Australian Senate committee to investigate loot boxes
Government interest builds
The Australian Senate are launching an enquiry into microtransaction loot boxes, investigating whether they constitute gambling and to what extent they "may be harmful". While the enquiry won't change any policy itself, it could inform future laws.
A number of politicians and bodies around the world have cocked an eyebrow at microtransaction virtuacrates of random digicrud in recent years, most notably after the loud backlash against Star Wars Battlefront II's loot boxes. Belgium's Gaming Commission declared that some loot boxes are gambling and Hawaii's state government were concerned, among others.
The Environment and Communications References Committee are poking into "Gaming micro-transactions for chance-based items" and should report back by September 17.
The motion which set this in motion, as reported by Kotaku Australia, stated an intent to investigate:
The extent to which gaming micro-transactions for chance-based items, sometimes referred to as 'loot boxes', may be harmful, with particular reference to:
(a) whether the purchase of chance-based items, combined with the ability to monetise these items on third-party platforms, constitutes a form of gambling, and;
(b) the adequacy of the current consumer protection and regulatory framework for in-game micro transactions for chance-based items, including international comparisons, age requirements and disclosure of odds.
Which seem like sensible things to have a firm legal grasp of.

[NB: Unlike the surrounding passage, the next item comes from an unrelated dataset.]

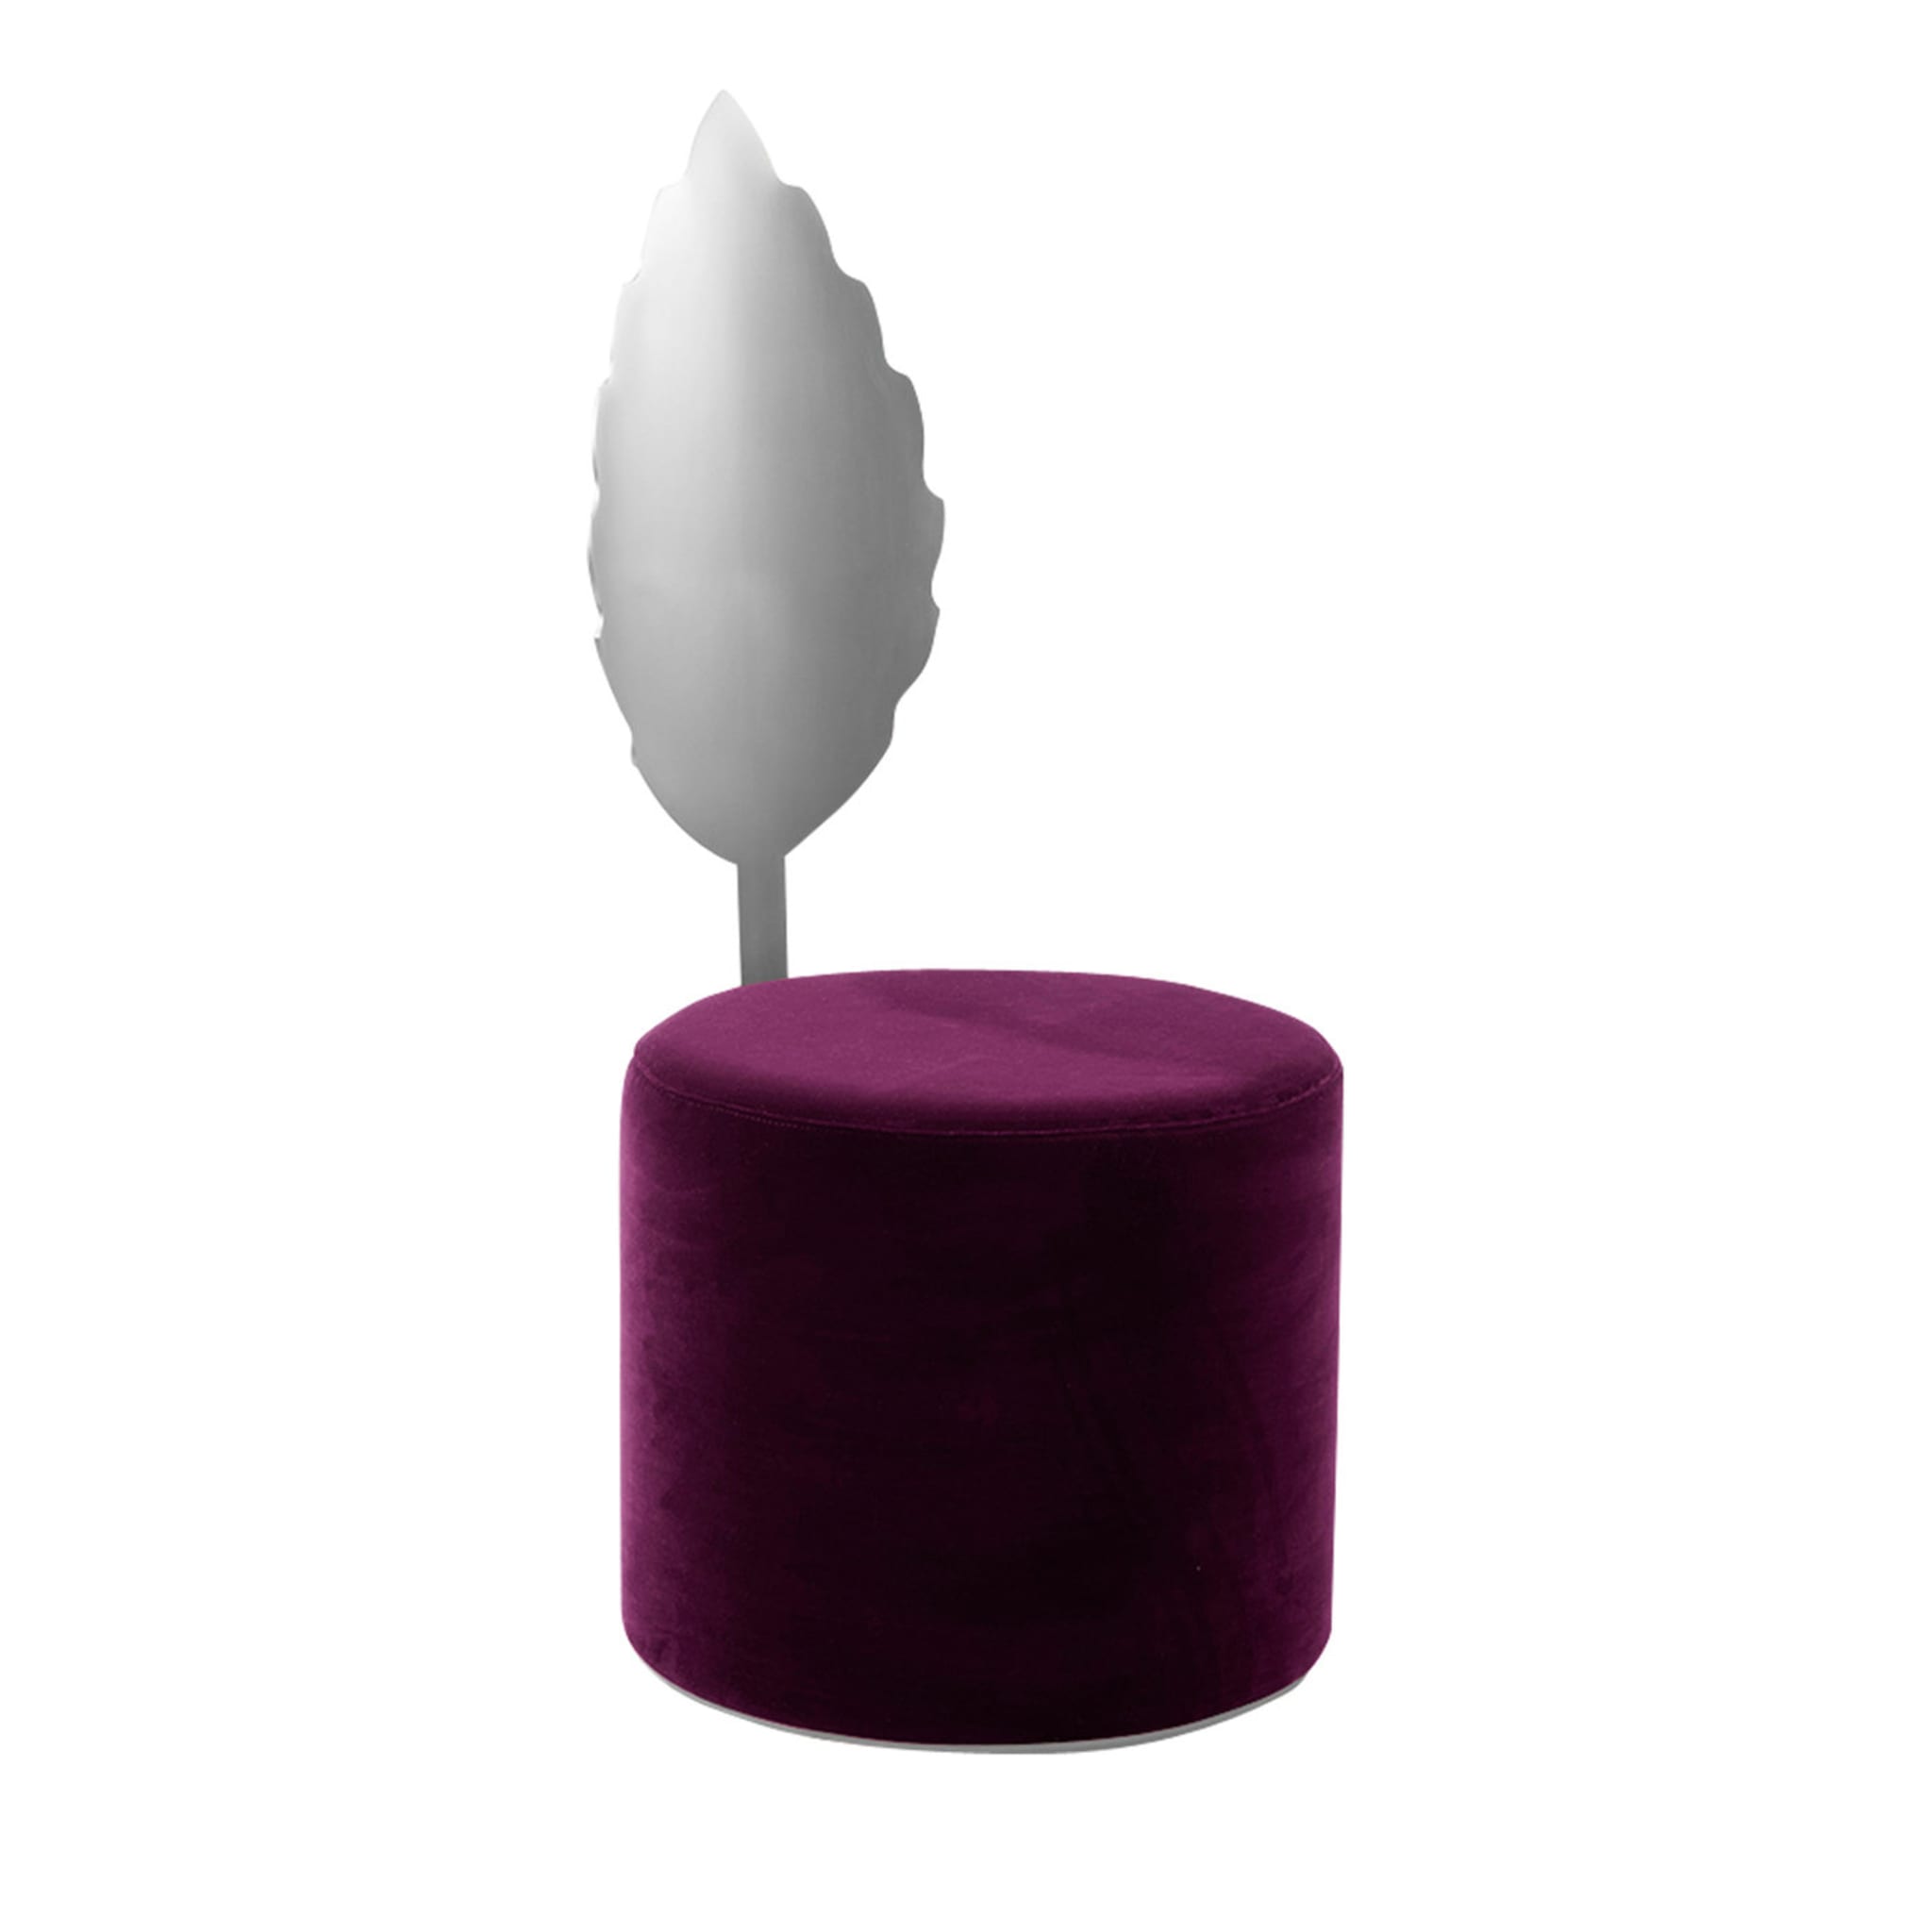 Holly Purple Pouf #2 by Artefatto Design Studio - Main view

On that last point, China have required games to disclose odds of getting items in loot boxes since May 2017. While some games with loot boxes started openly disclosing odds globally since then, others have only done so in China. I do hope this becomes standard practice, so we can all see how laughably bad the odds of getting items we covet often are.
Australia have been standing up to Big Video Games more, including fining Valve for saying Steam customers didn't have the refund rights that Australian law dictates. Though Australia also spent chuffing forever to introduce an adult games rating, ending years of insisting upon censored versions, so they're not necessarily righteous defenders of video games perhaps as much as worried guardians of morality.